Lsusr is primarily talking about success “outside of the usual system”, which generally frees someone up even more from the usual system. Start-ups are the primary example of this.Alkjash is primarily talking about success within the existing system. The stereotypical successful career is an example of this.
Lsusr is primarily talking about success “outside of the usual system”, which generally frees someone up even more from the usual system. Start-ups are the primary example of this.
Alkjash is primarily talking about success within the existing system. The stereotypical successful career is an example of this.
This definitely feels like part of the thing, but I would (as with many things) phrase it in the language of status. I claim that much of the “freedom” that Lsusr talks about and the “intelligence and aliveness” Eliezer talks about is consequences of feeling high status. In academia, the standard solution to all of the ennui and anxious underconfidence a grad student or postdoc feels is … wait for it … tenure. Your inhibitions magically disappear when you become faculty, and mathematicians often become confident to explore, gregarious, and willing to state beliefs even in dimensions orthogonal to their expertise (e.g. Terry Tao on Trump). This is explained by direct changes in the brain, as well as external changes in how the intelligent social web coopts your cognition, when a person gains status.

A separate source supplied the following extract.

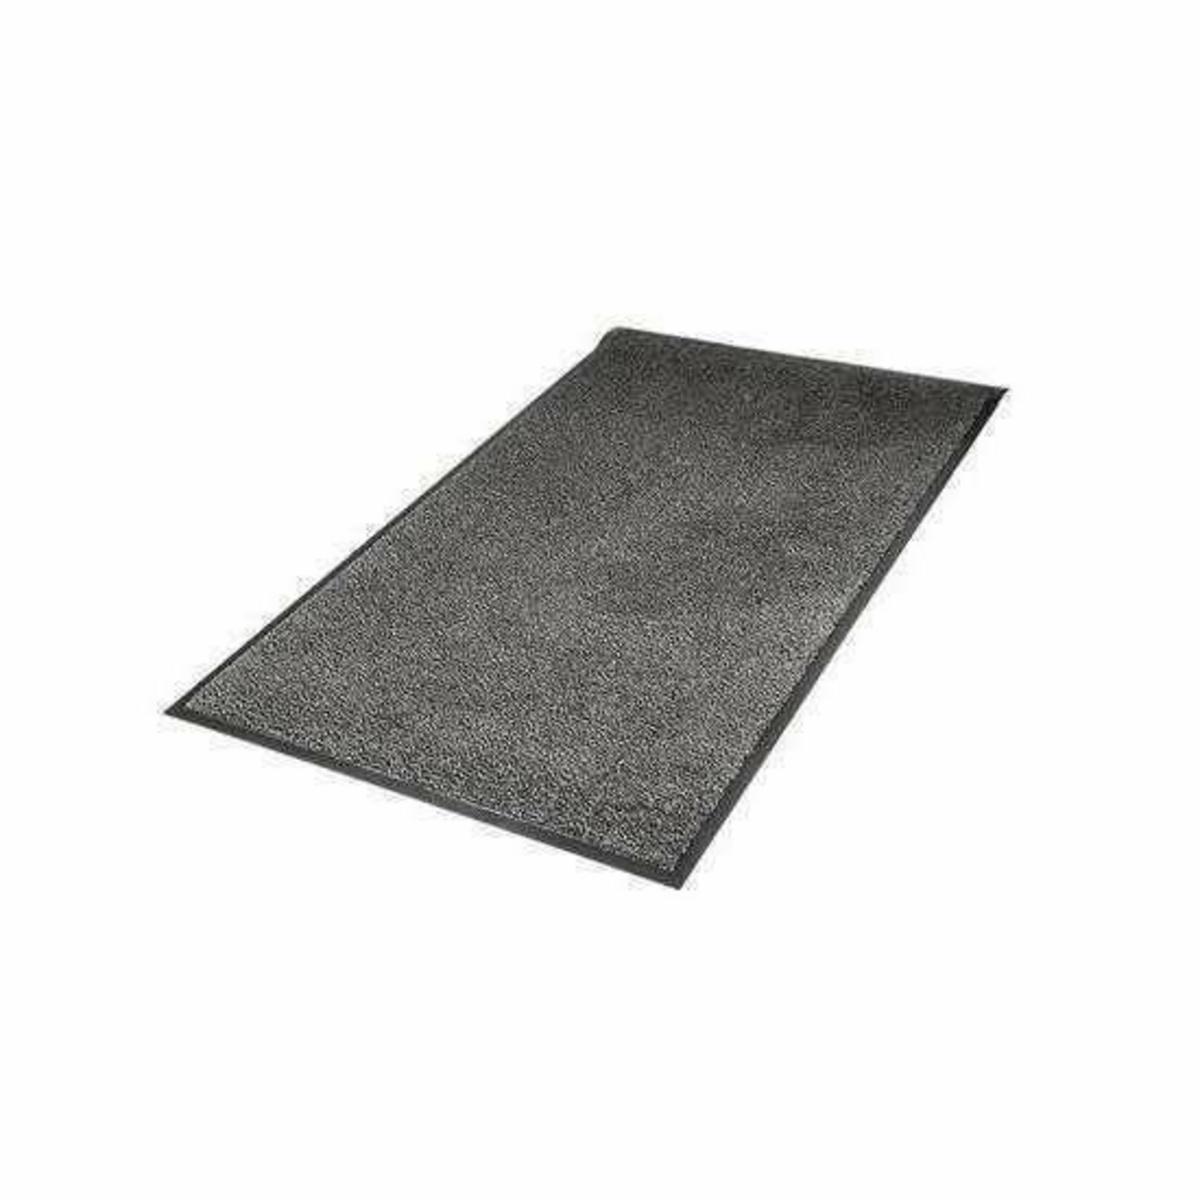 Tapis d'accueil intérieur rectangulaire gris 60x90 cm Softex 3m

My guess is that the difference between what you call Lsusr’s “outside of the usual system” and my “within the existing system” is the difference between systems with shorter and looser status hierarchies and those with longer and tighter ones. In the former it is easier for an exceptional individual to quickly gain competence and reputation and reap the benefits of status. This difference is in turn mostly explained by systems having different levels of play. Thus, one would find success more agency-limiting for a longer period of time in professional Go than in professional Starcraft, in mathematics than in AI/ML, in Google than in a startup, etc.
My interpretation of Lsusr’s philosophy is that there is a magic sauce that rhymes with arrogance which allows one to turn on powerful high-status feelings and behaviors (confidence, agency, vision) regardless of circumstance. Unfortunately there are harsh cultural defenses against this kind of thing that one has to prepare for.
Very interesting! This thread is the first time I’ve heard of NLP (might have seen the acronym before but I thought it was ML people referring to Natural Language Processing), I will definitely check it out. I guess I just rounded off my observations to the nearest things I recognized. I’m not surprised that Robbins stuff is embedded in a larger technique but am kind of surprised that I’ve been ignorant of it for so long.
Is there a book or resource that you would most recommend to learn NLP?